Directions for this task:
Look through the data below for the line with "Releases for 08/11/2021" and the line with "tageslicht iluminaci n", then transcribe exactly from the first through the second, leaving out all pictures.

Dataset content:

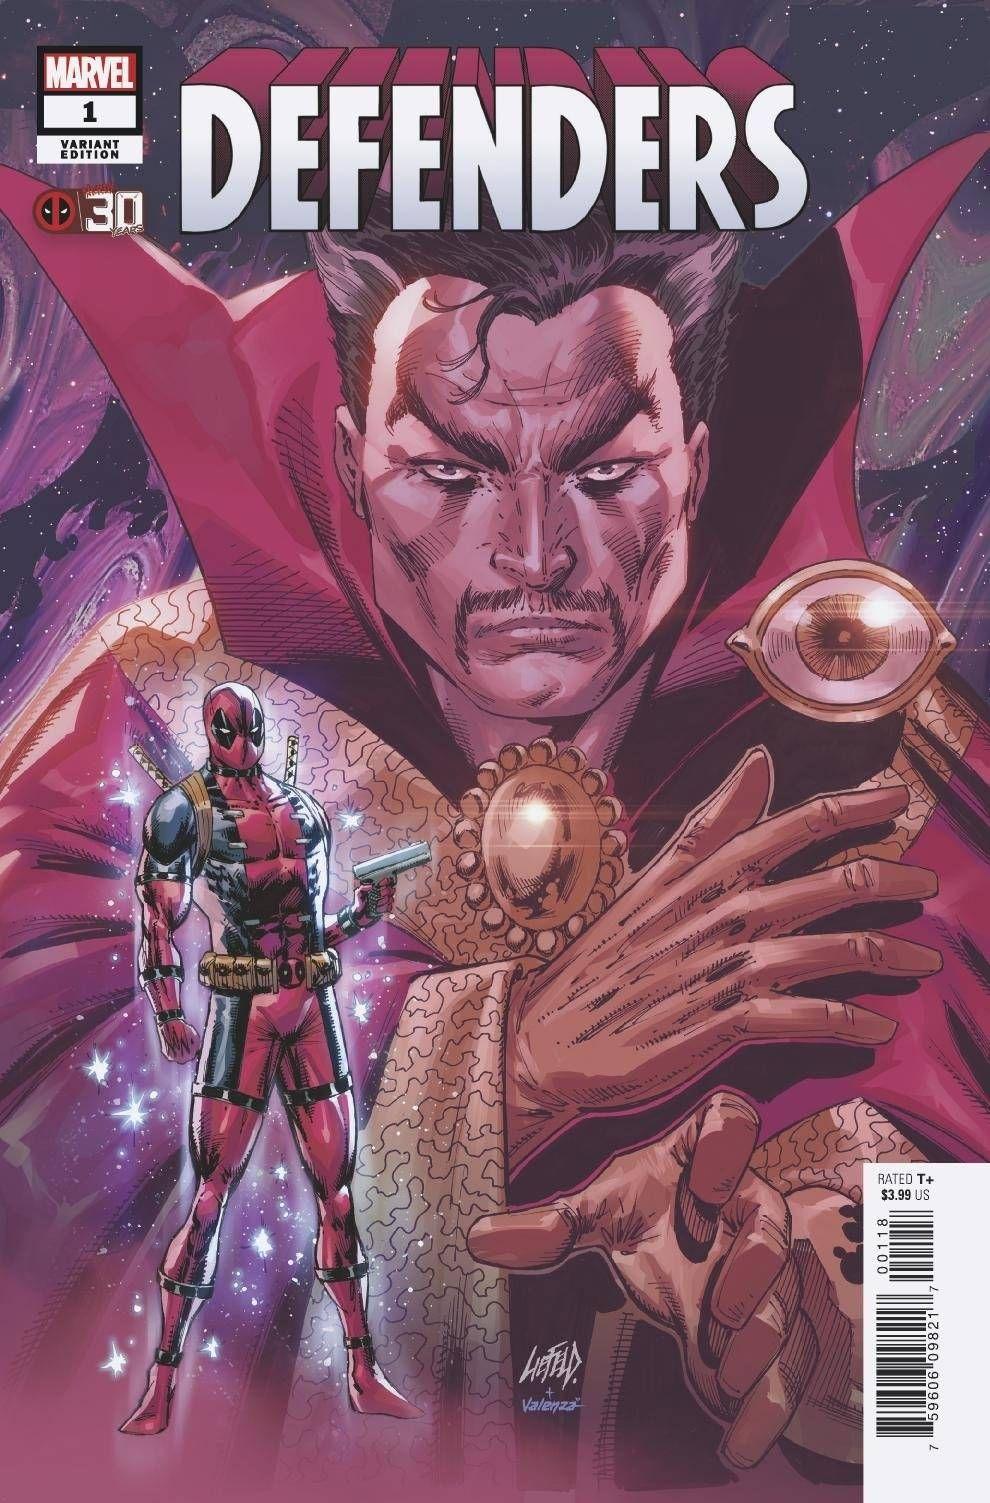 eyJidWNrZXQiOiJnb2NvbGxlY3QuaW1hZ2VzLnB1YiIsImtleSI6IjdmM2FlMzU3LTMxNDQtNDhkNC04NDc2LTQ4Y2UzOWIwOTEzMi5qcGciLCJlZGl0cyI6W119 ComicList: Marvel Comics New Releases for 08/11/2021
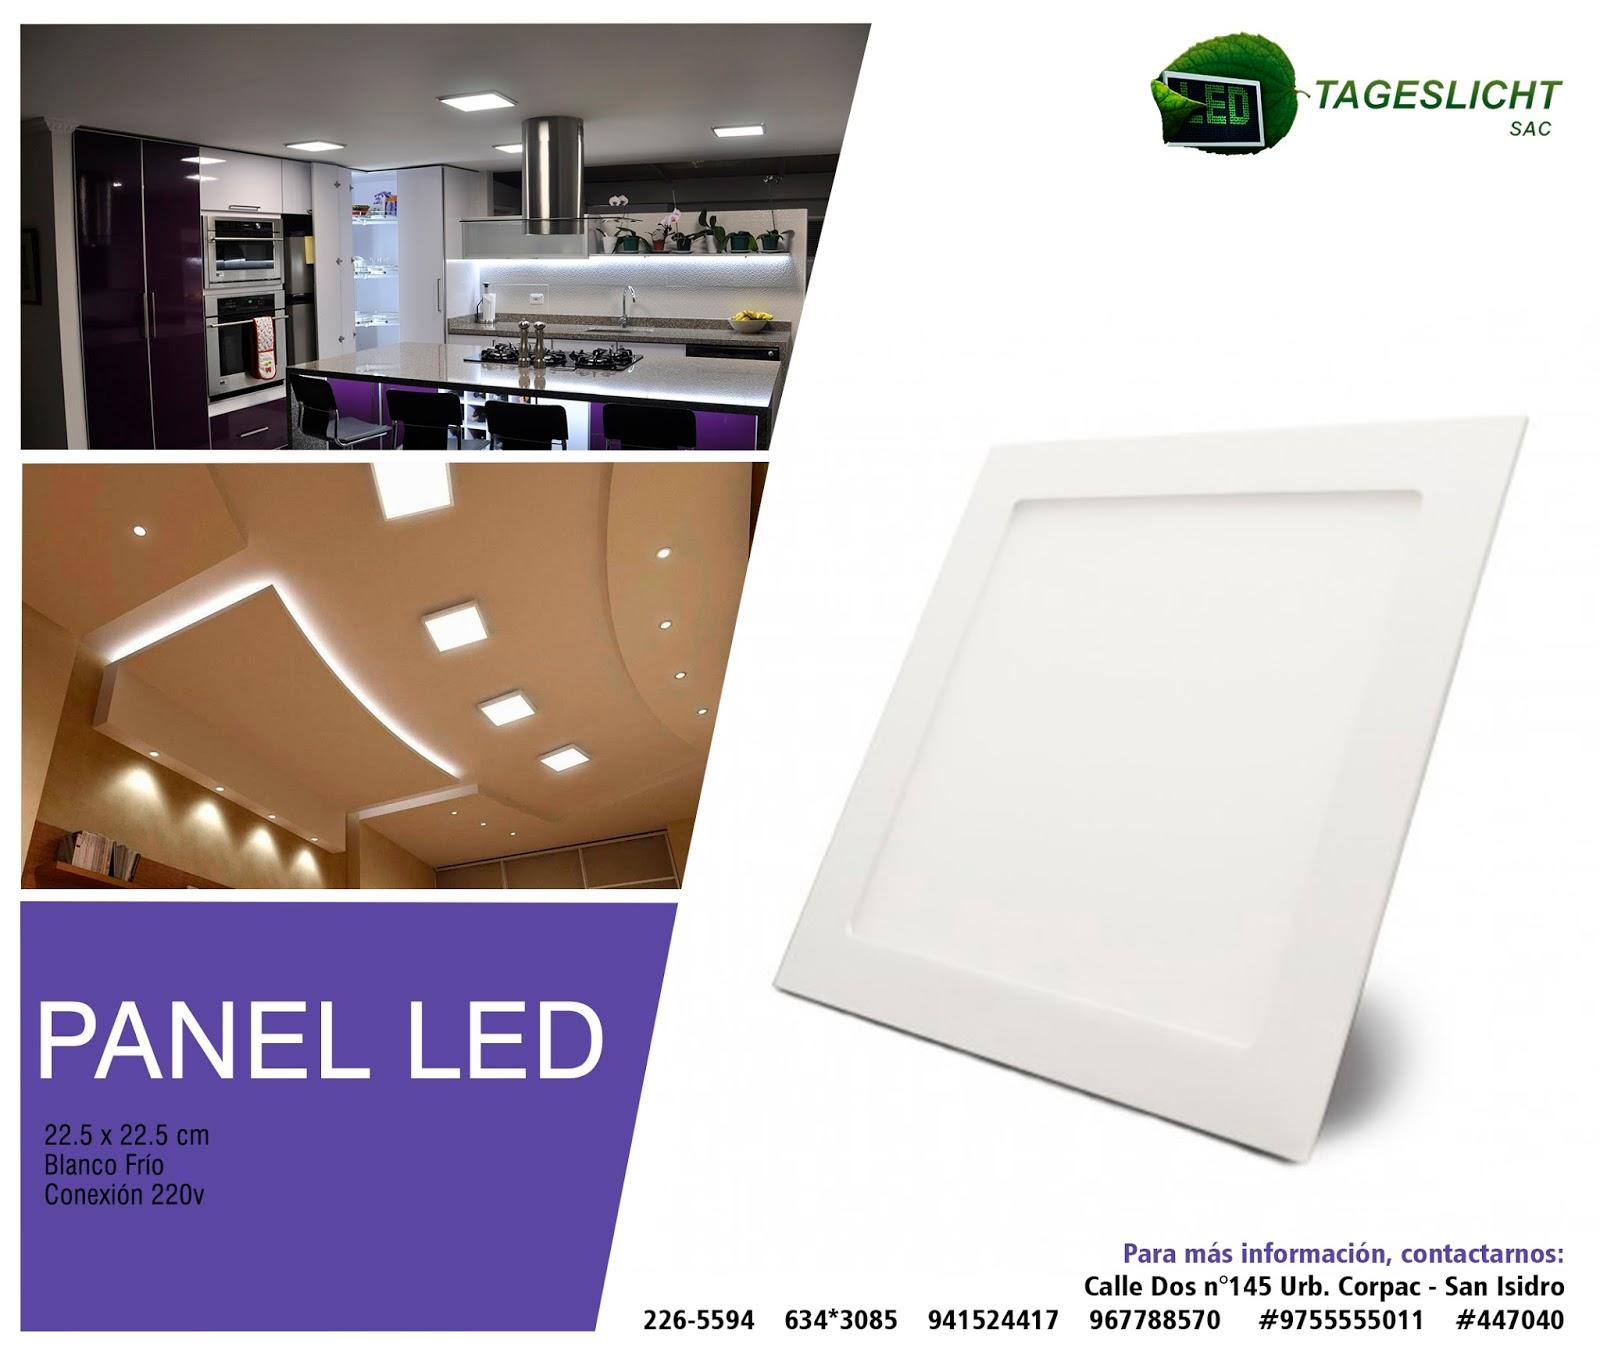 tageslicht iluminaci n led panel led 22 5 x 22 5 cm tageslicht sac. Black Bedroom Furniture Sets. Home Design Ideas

...

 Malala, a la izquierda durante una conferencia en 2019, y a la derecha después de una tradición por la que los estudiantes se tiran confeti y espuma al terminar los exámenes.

Output below:
 eyJidWNrZXQiOiJnb2NvbGxlY3QuaW1hZ2VzLnB1YiIsImtleSI6IjdmM2FlMzU3LTMxNDQtNDhkNC04NDc2LTQ4Y2UzOWIwOTEzMi5qcGciLCJlZGl0cyI6W119 ComicList: Marvel Comics New Releases for 08/11/2021
 tageslicht iluminaci n led panel led 22 5 x 22 5 cm tageslicht sac. Black Bedroom Furniture Sets. Home Design Ideas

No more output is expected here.